Segment Start: DATA BLOCK

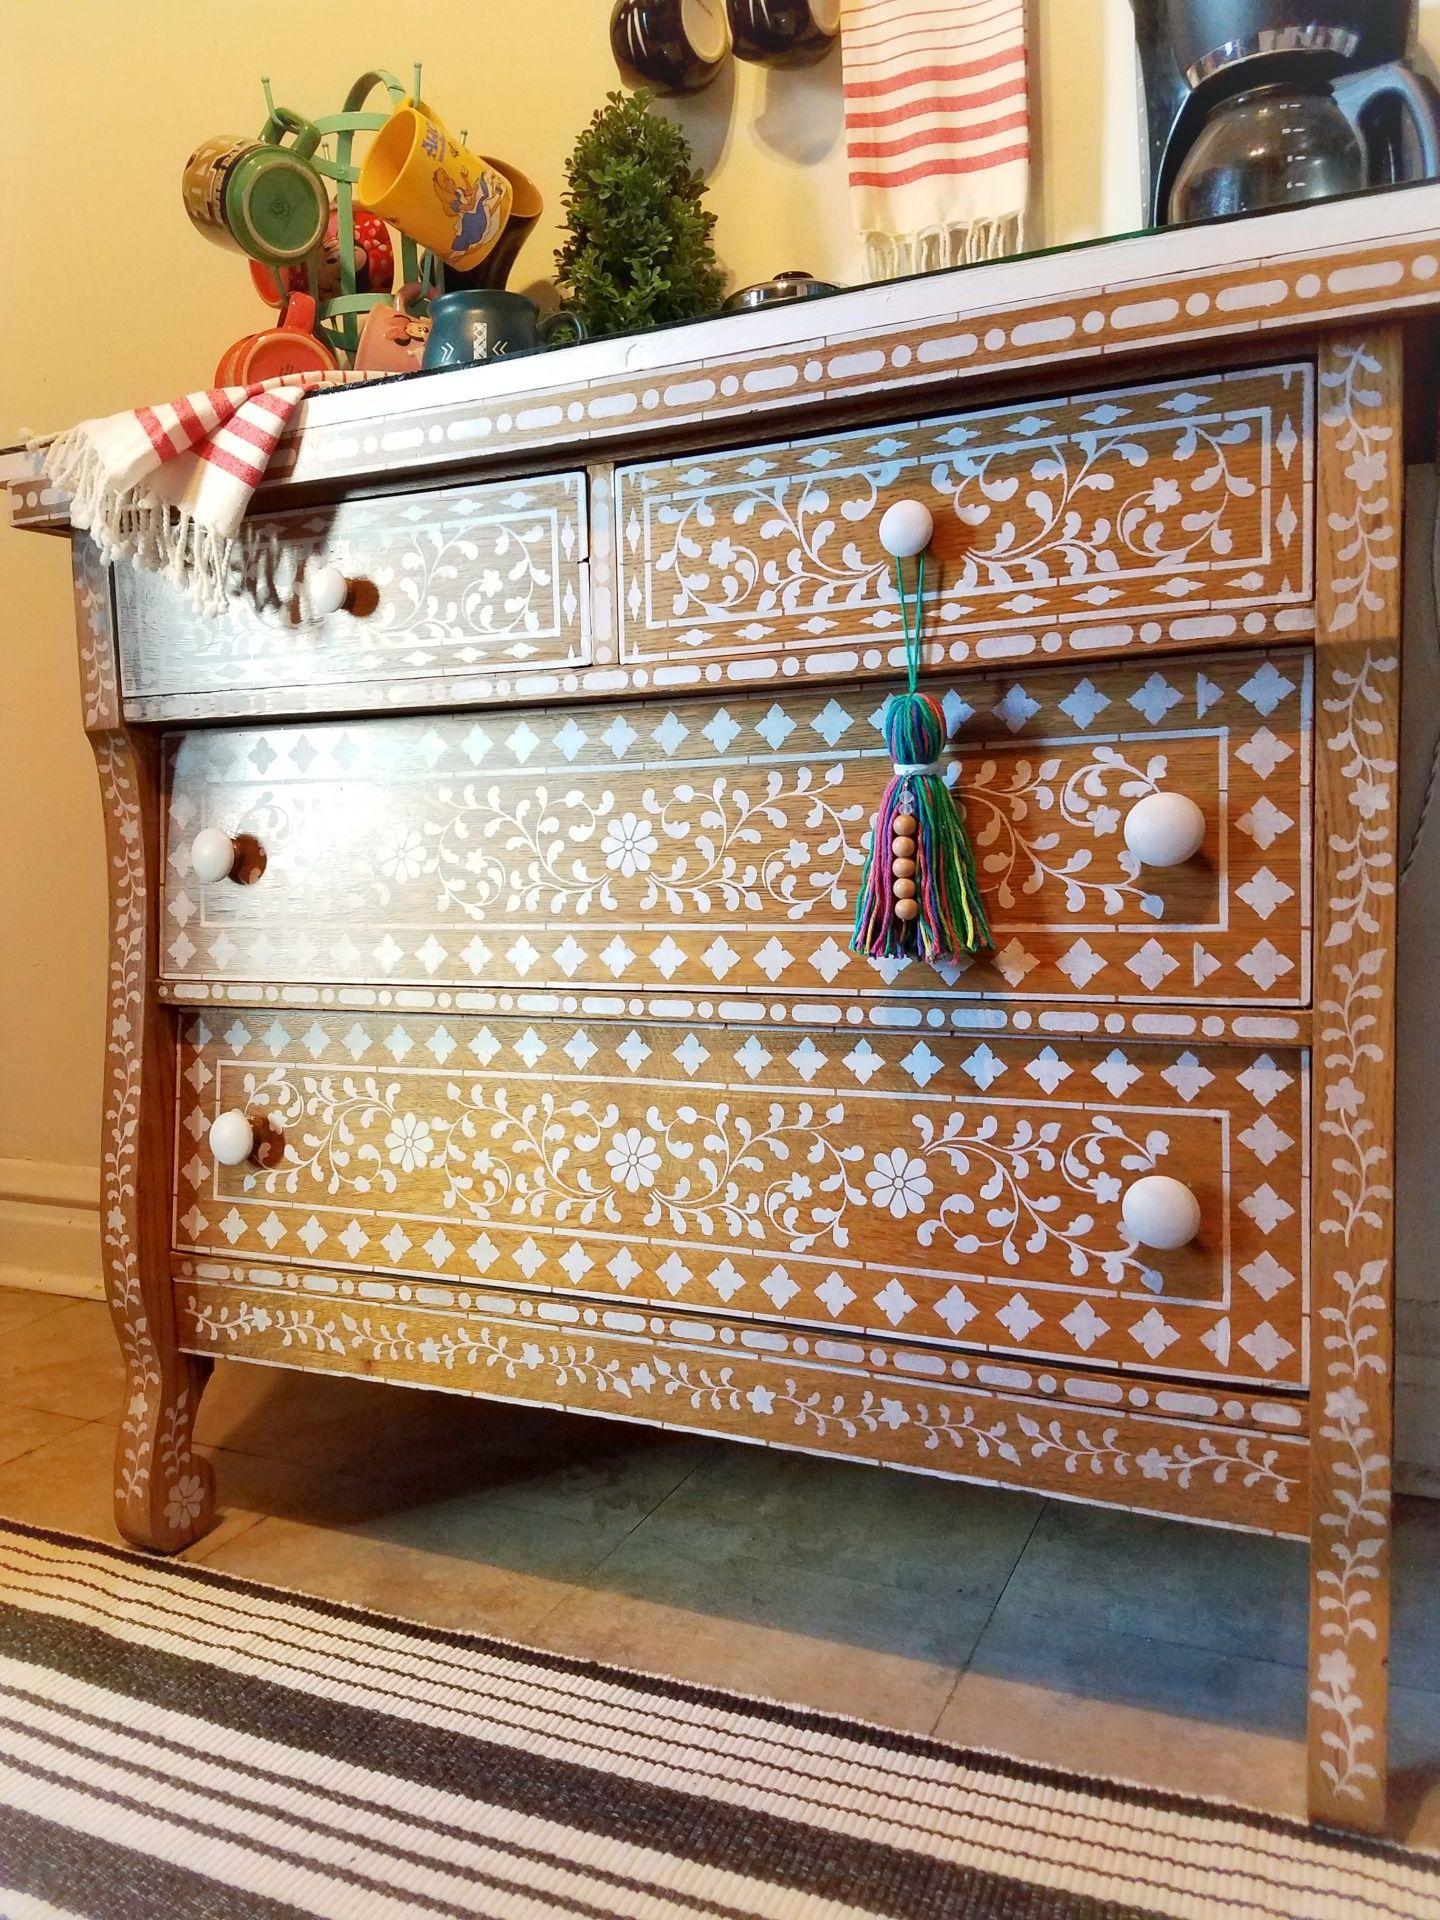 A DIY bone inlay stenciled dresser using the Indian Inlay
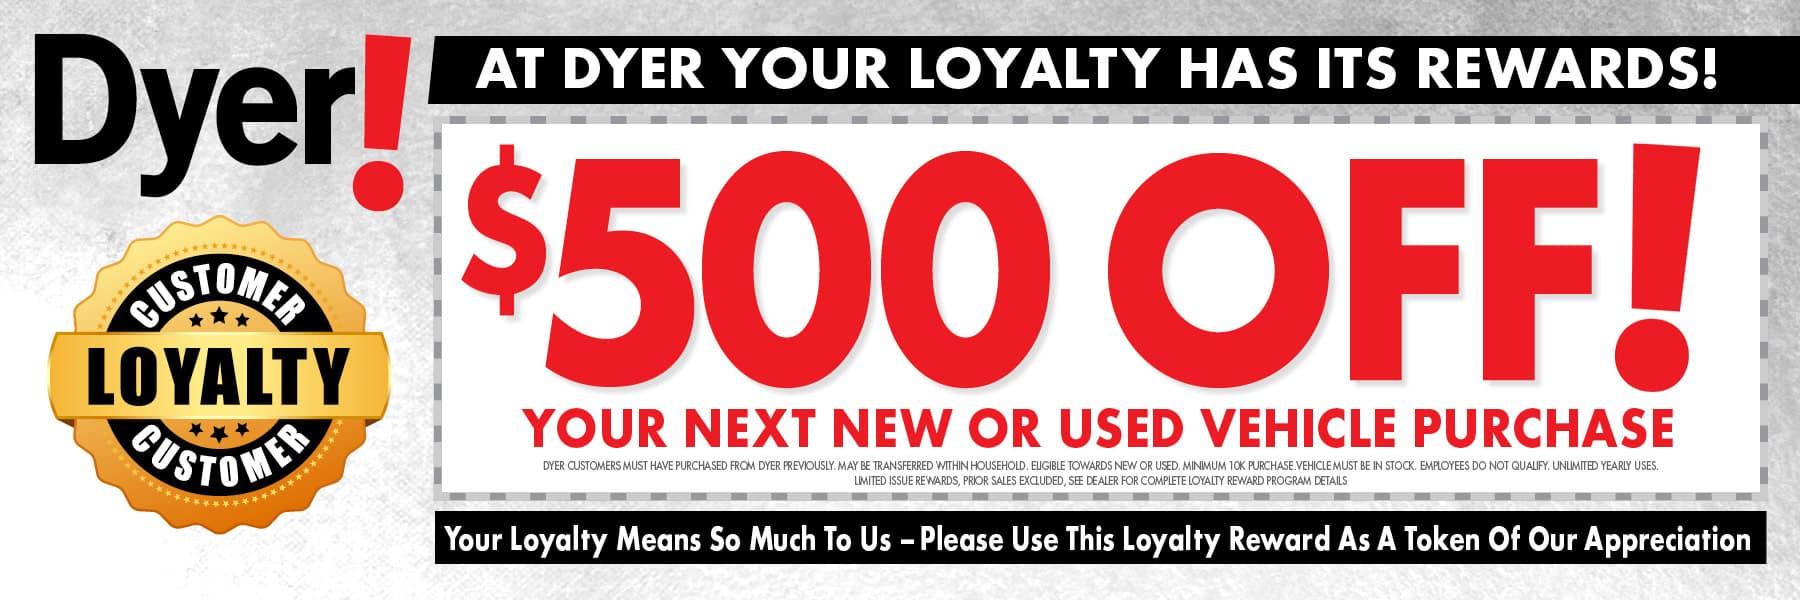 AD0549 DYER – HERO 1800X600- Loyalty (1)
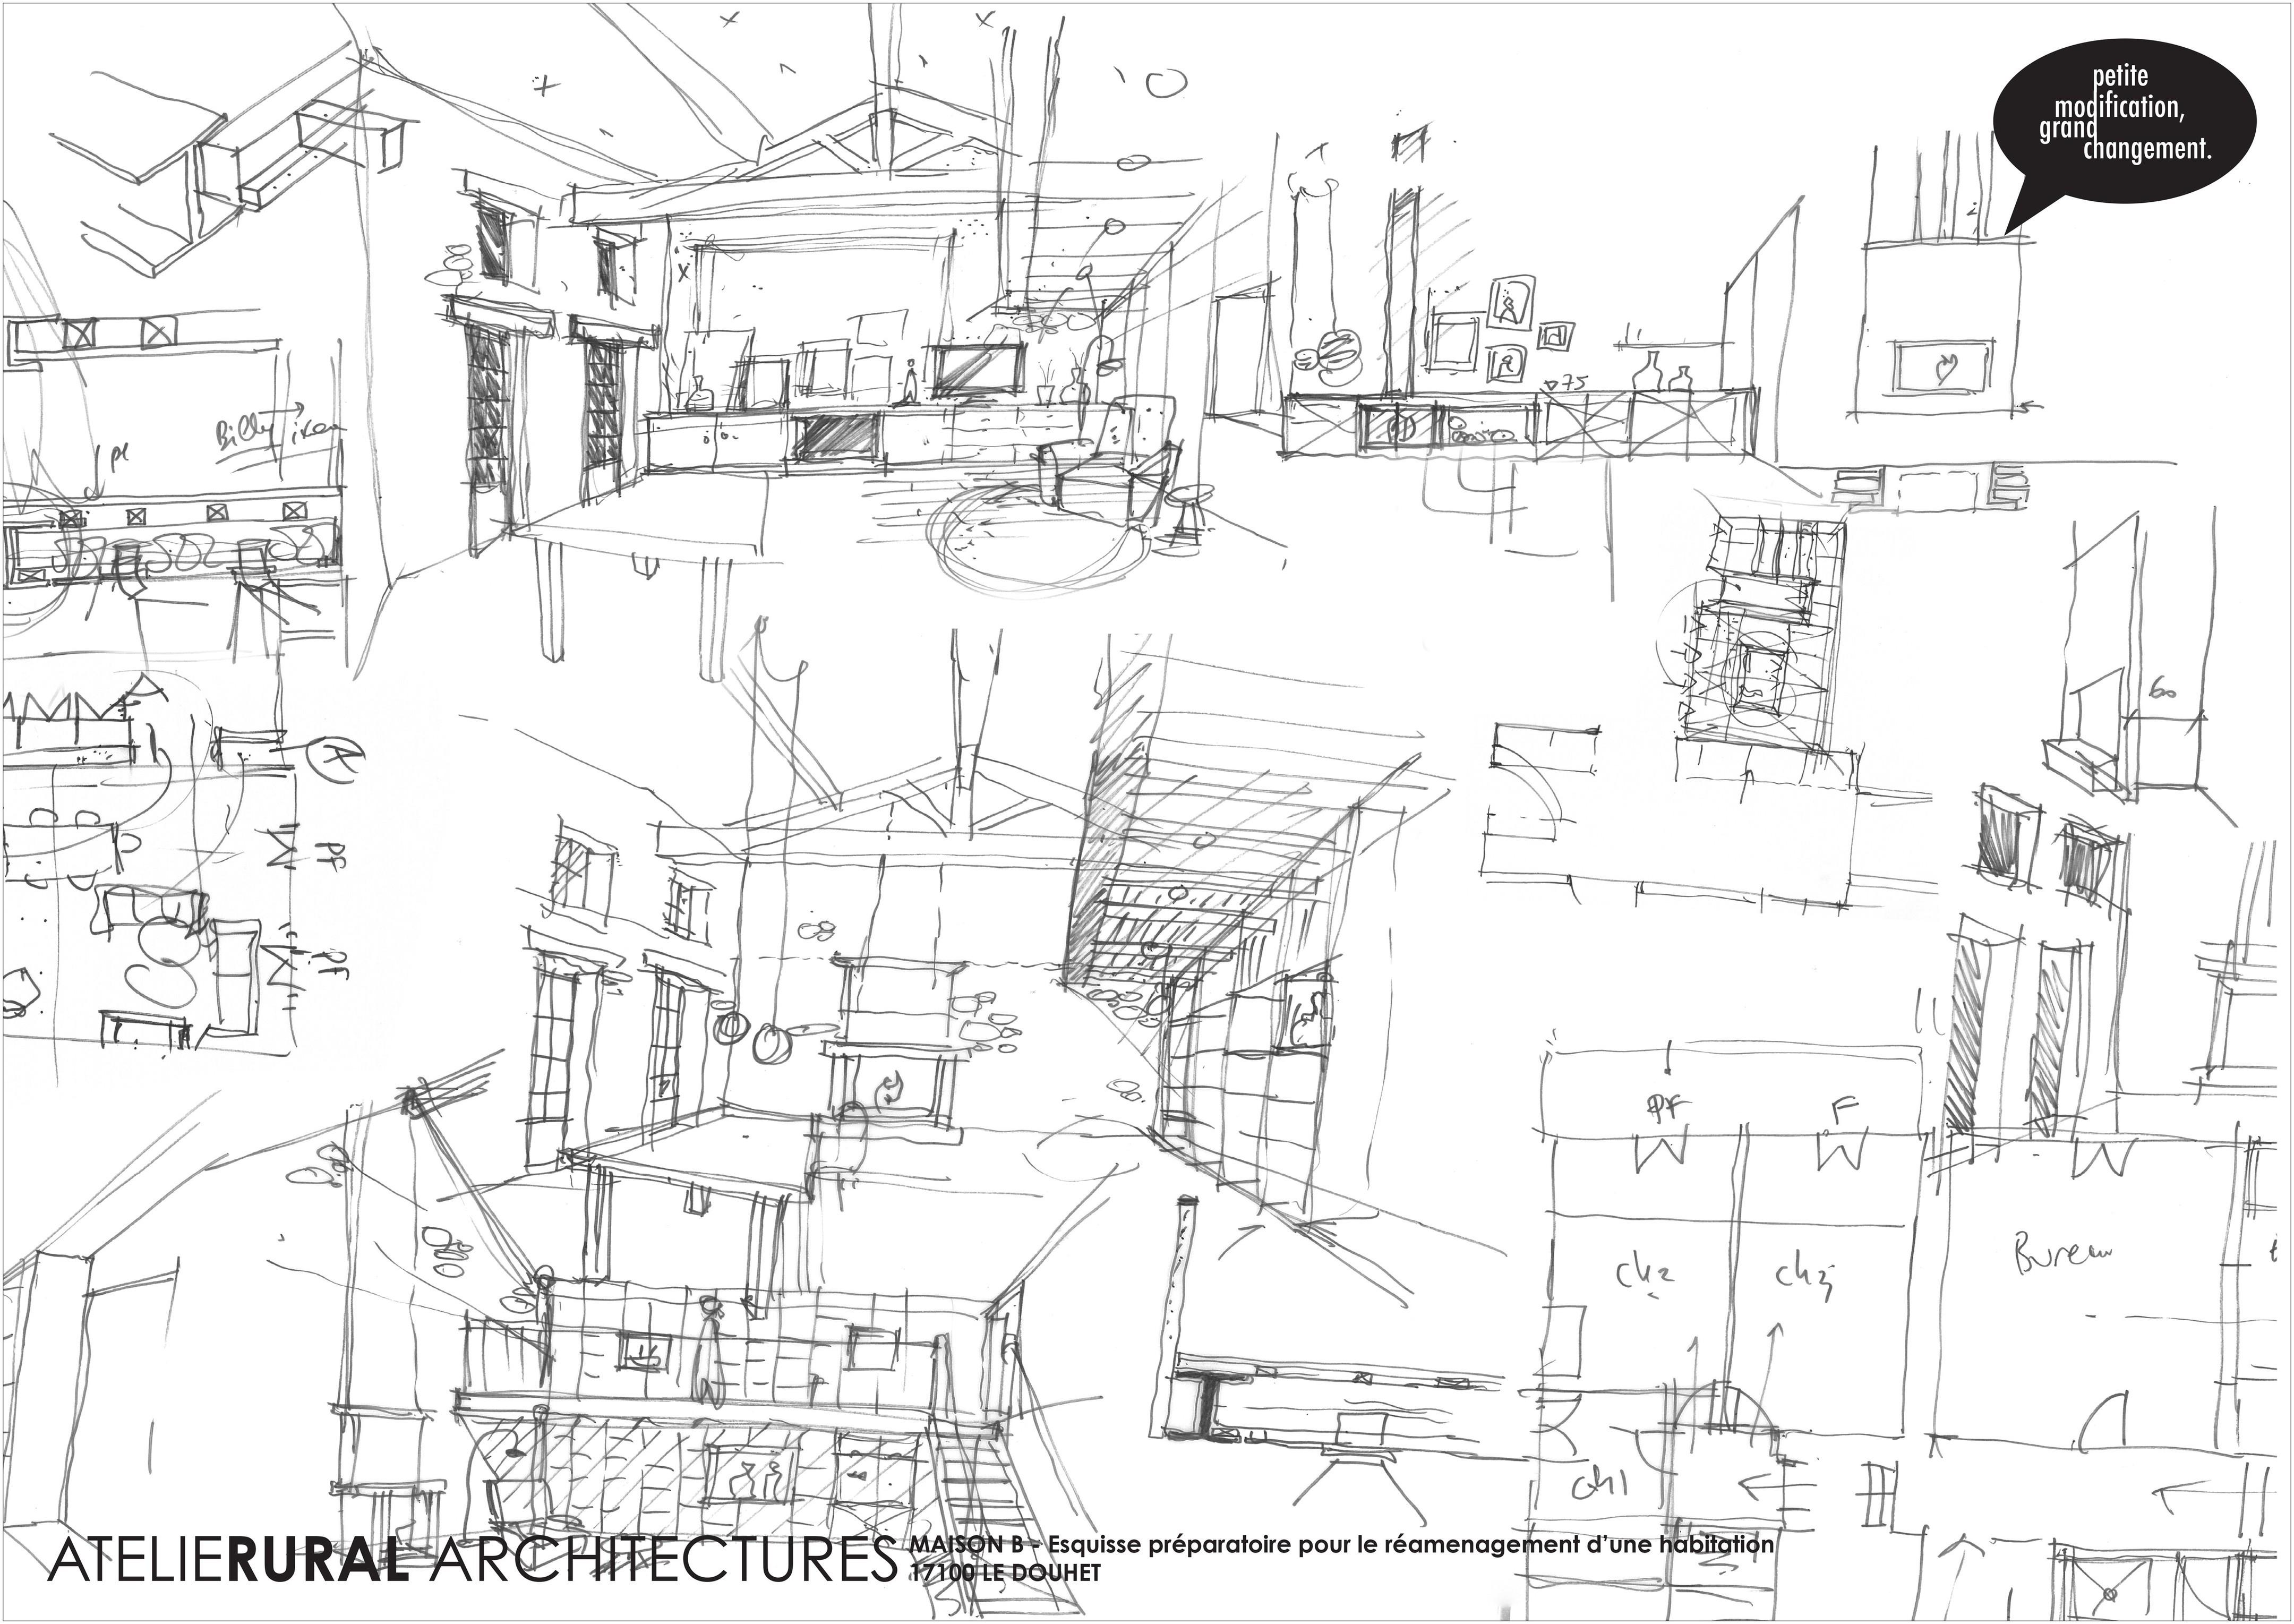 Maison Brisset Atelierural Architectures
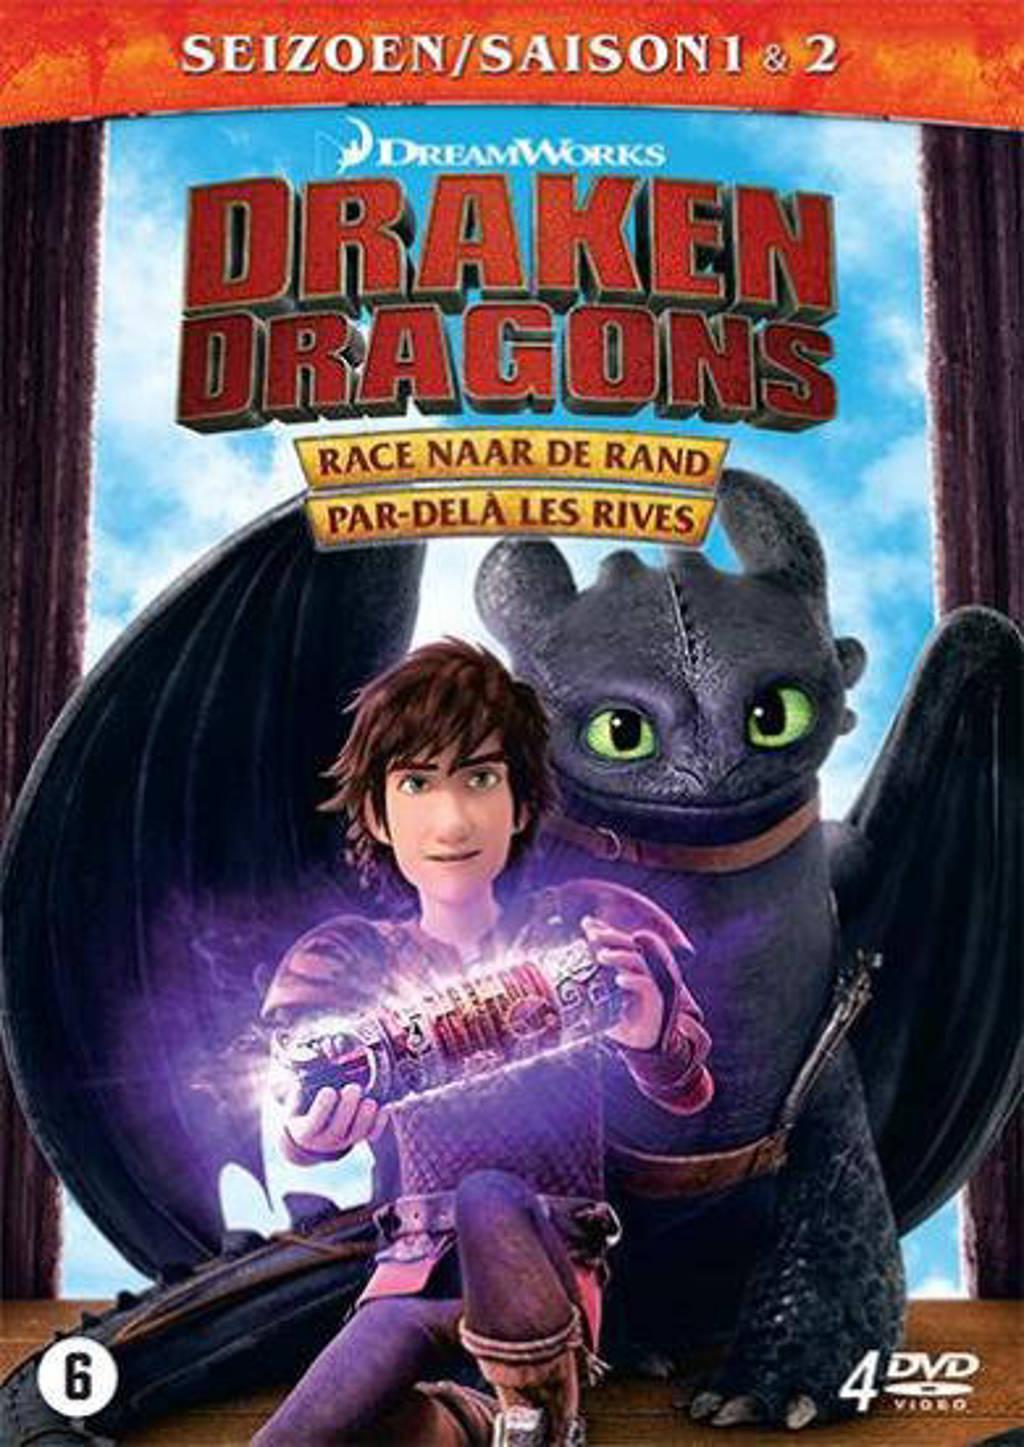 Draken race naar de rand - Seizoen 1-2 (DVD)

Segment End: DATA BLOCK

Ignore the images and quote every line of the listing exactly.

 A DIY bone inlay stenciled dresser using the Indian Inlay
 AD0549 DYER – HERO 1800X600- Loyalty (1)
 Maison Brisset Atelierural Architectures
 Draken race naar de rand - Seizoen 1-2 (DVD)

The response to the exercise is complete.